By Charlotte Du Cann
Once food was about personal choice: now it’s become social. A year ago I might not have noticed a newspaper article about children being locked in schools to stop them buying take-away 'junk food', or that within the new millionaire' cabinet, Caroline Spelman, whose career in agri-business began as a sugar beet commodity secretary for the National Farmers Union, is now in charge of DEFRA.
A year ago I would not have stood on the terrace of the Norwich Playhouse before a table covered with plants – tomatoes, beans, edible flowers - taking part in a seedling swap. Or gone to a Bungay garden, hammer in hand, to prepare a hive for the queen bee of England's first bee CSA (Community Supported Agriculture).
But these seemingly unrelated events demonstrate the pulls that are going invery different directions in our 'one nation' right now. Pulls we contend with every time we sit down to a meal.
A pernicious craving for sugar, fat and salt is one of the consequences of a globalised industrial food system. This is a system that relies on subsidised commodity crops, factory-farmed meat and a science that disguises its poor nutritional quality with addictive feel-good tastes. It relies on people being alienated and unaware.
The Transition events are part of a growing community culture: people coming together to grow vegetables and forge relationships between farmers, neighbours and local shops. This informal distribution network relies on people being intelligent, good-hearted and far-seeing. Who know, for example, that Spelman has for the last decade co-owned a food and biotechnology company (Spelman, Cormack & Associates), lobbying the very department she now heads.
When the East Anglia Food Link's Food Plan was publicised last month in the Eastern Daily Press, Richard Hirst of the National Farmers Union dismissed its vision of small-scale organic farming and local milling as "dangerous". However it is a 'business-as-usual' attitude towards our food supply that is dangerous. We live in unusual times. If we are prepared to invest in low-tech solutions and switch to a vegetable-based diet we could all become more self-sufficient and resilient.
While we demonise children for eating fast-food and ignore the unhealthy links between the bio-tech industry and government, we are not considering our future. We are not taking climate change into account, nor the damage our cheaply-produced food wreaks on nature. Nor are we considering the escalation in energy costs in the coming years. Our current food system is only efficient while energy costs remain low. What will happen when they rise? When the resources – water, nitrates, phosphates - on which monoculture relies become scarce? When the oil that fuels tractors, trucks and tankers becomes increasingly difficult to extract and costly?
It's widely believed that agriculture must double its output to feed a hungry world.
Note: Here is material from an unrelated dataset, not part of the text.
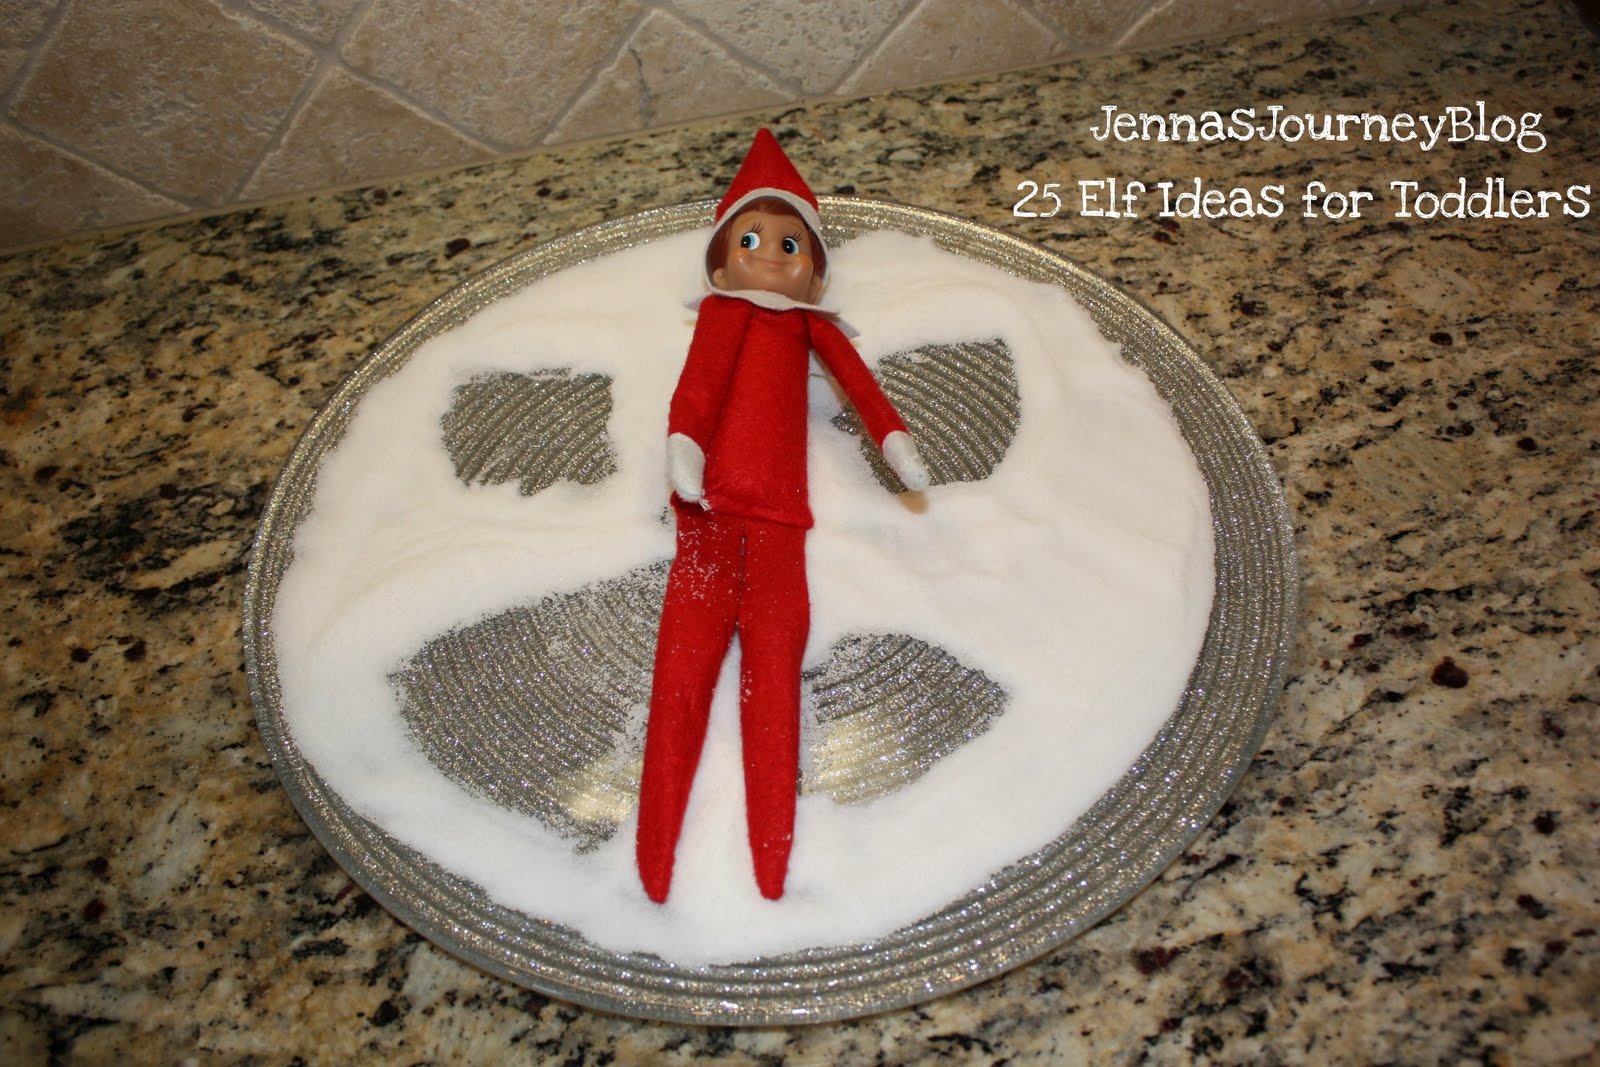 jenna-blogs-25-elf-on-the-shelf-ideas-for-toddlers

Behind this 'truth' however lies multinational agri-business which stands to profit from the ownership of seed and increased pesticide production. Companies like Monsanto and BASF, who have pushed for GM production in Europe after a 12 year ban.
The real truth is our food system produces twice as much food as we actually eat and a good proportion of it is thrown away in the waste bins of supermarkets, restaurants and our houses.
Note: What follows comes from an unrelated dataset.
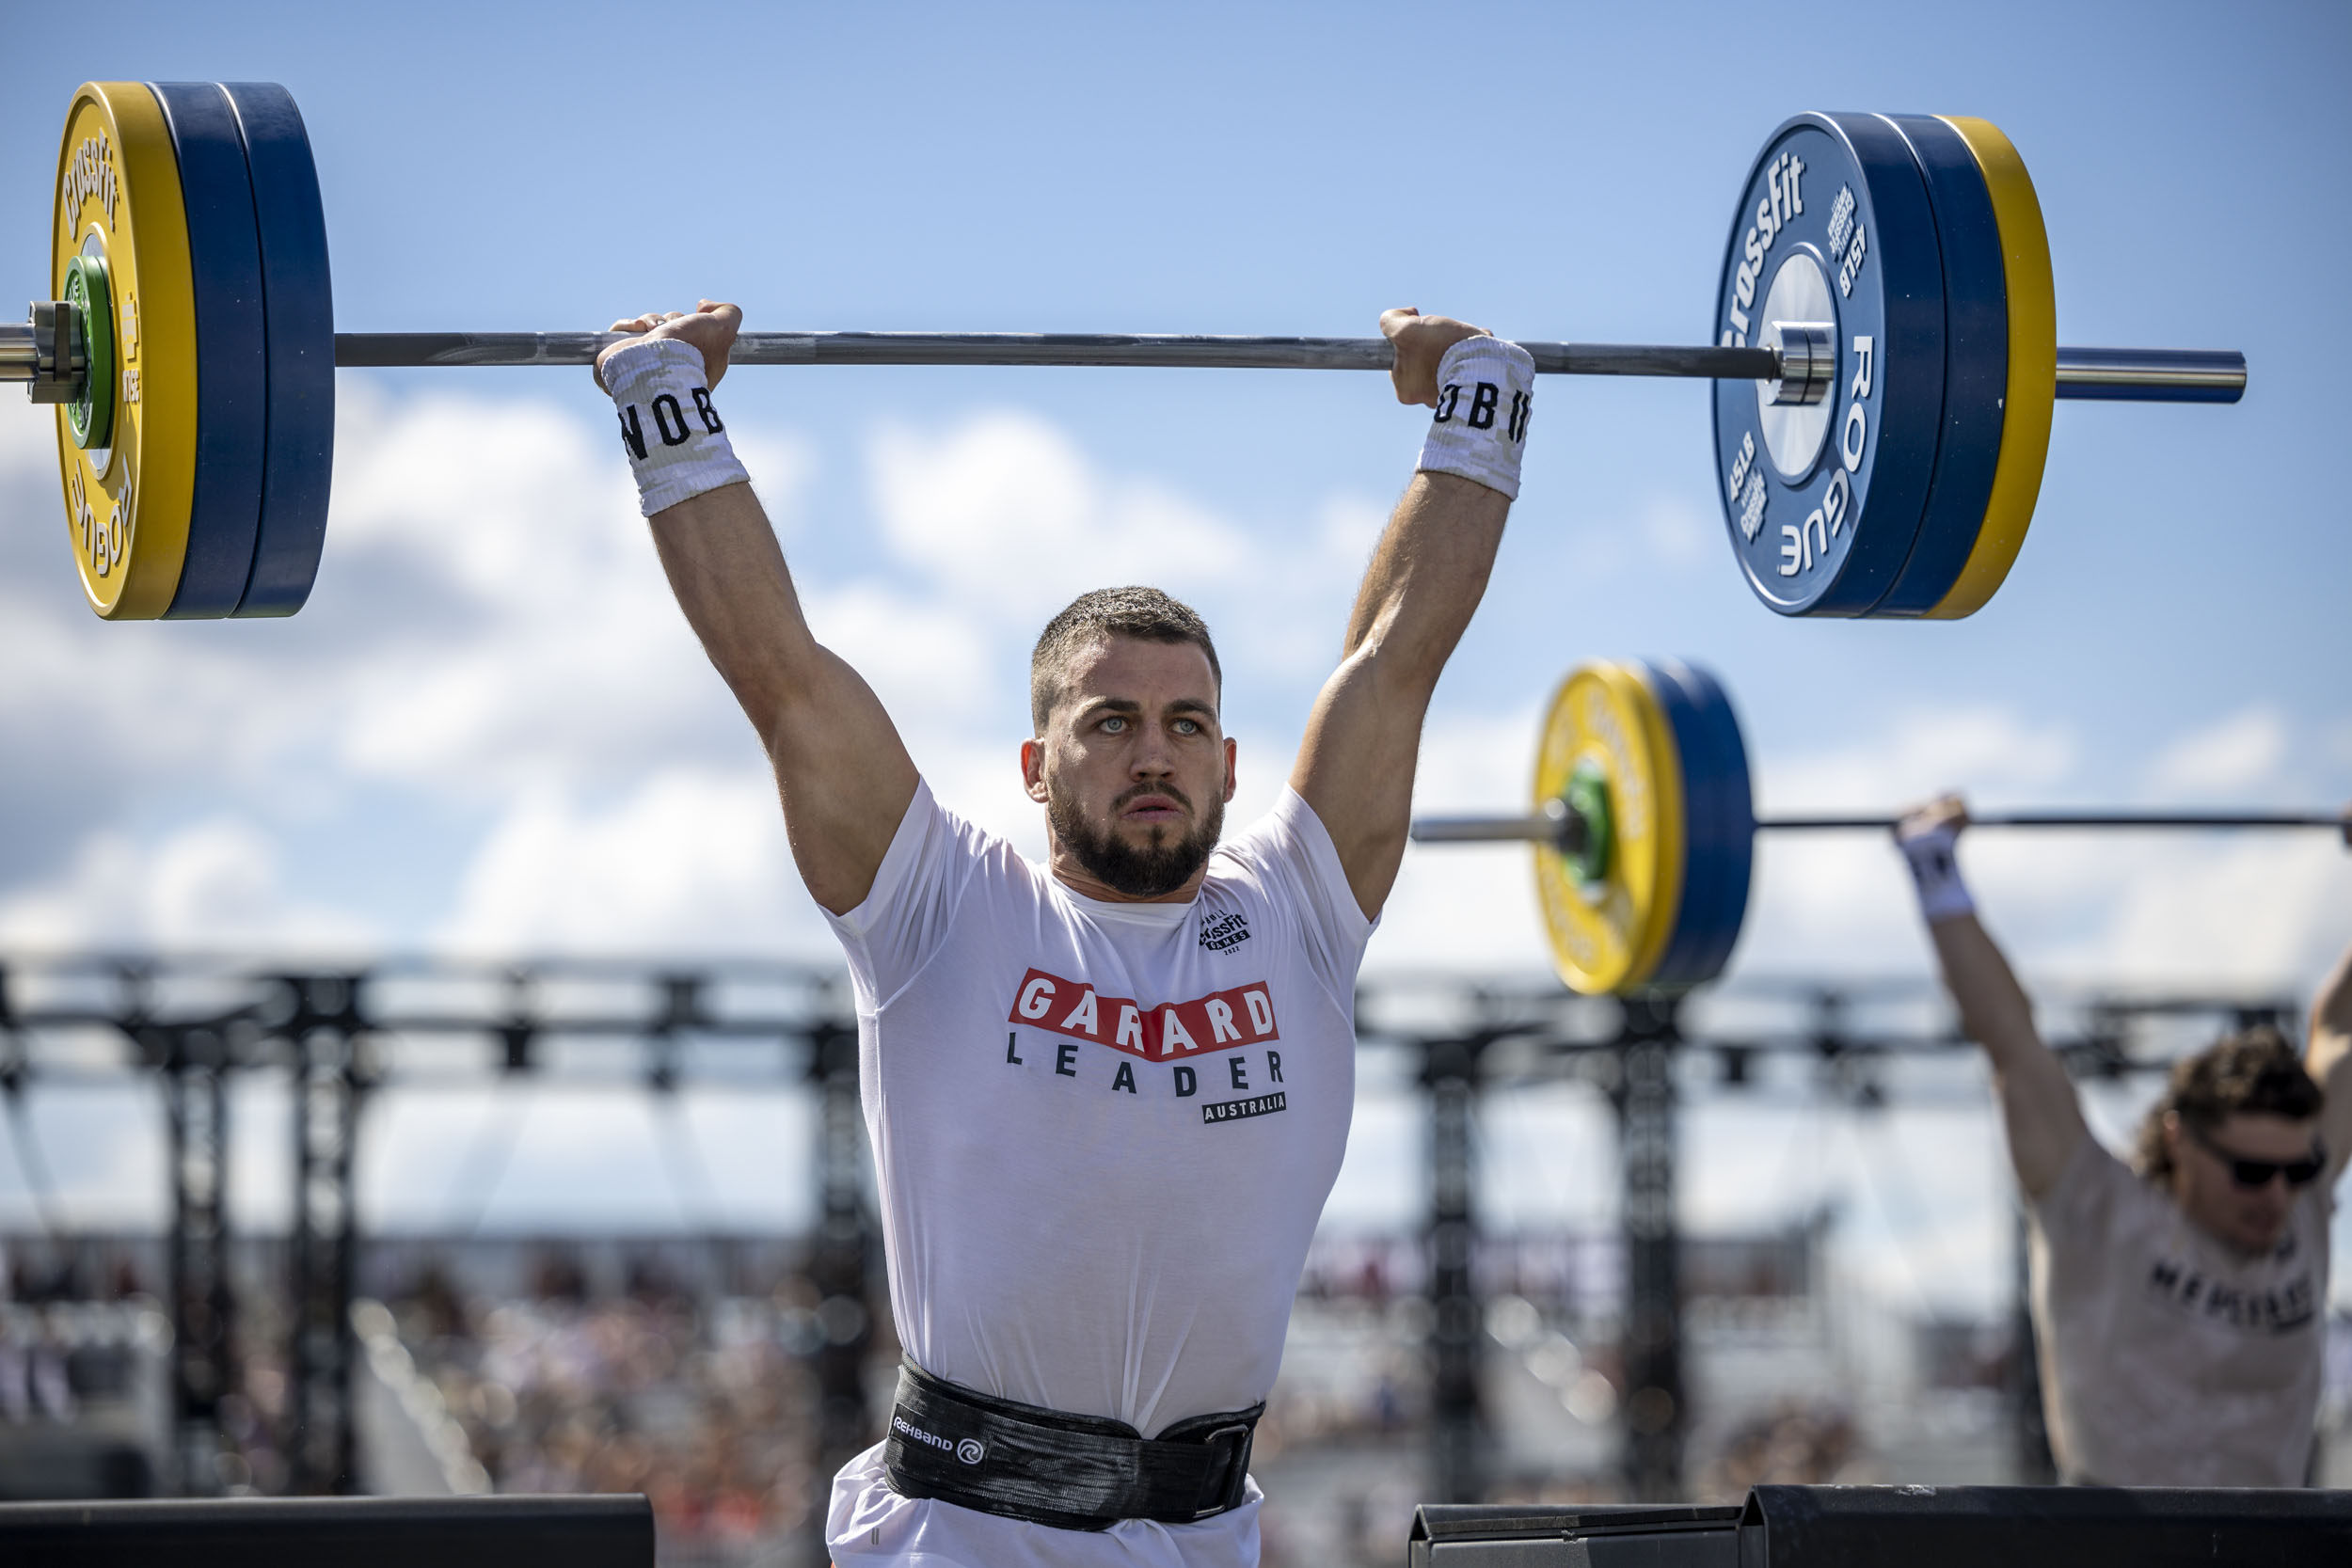 Ricky Garard leads the men after two days of competition. Photo: CrossFit Games

"You like wheat, rice, corn?" asked a commercial beekeeper in the documentary film, Vanishing of the Bees. "Well, that's all you'll be eating." Last winter a third of America's honeybees died. For the growers of Californian oranges and Vermont cranberries that depend on pollination by bees, this is a serious concern. And it will be ours if we keep reaching for the OJ without thinking. Time to focus on neighbourhood apple trees and the small plants now growing on our windowsills in this late, very late, May sunshine.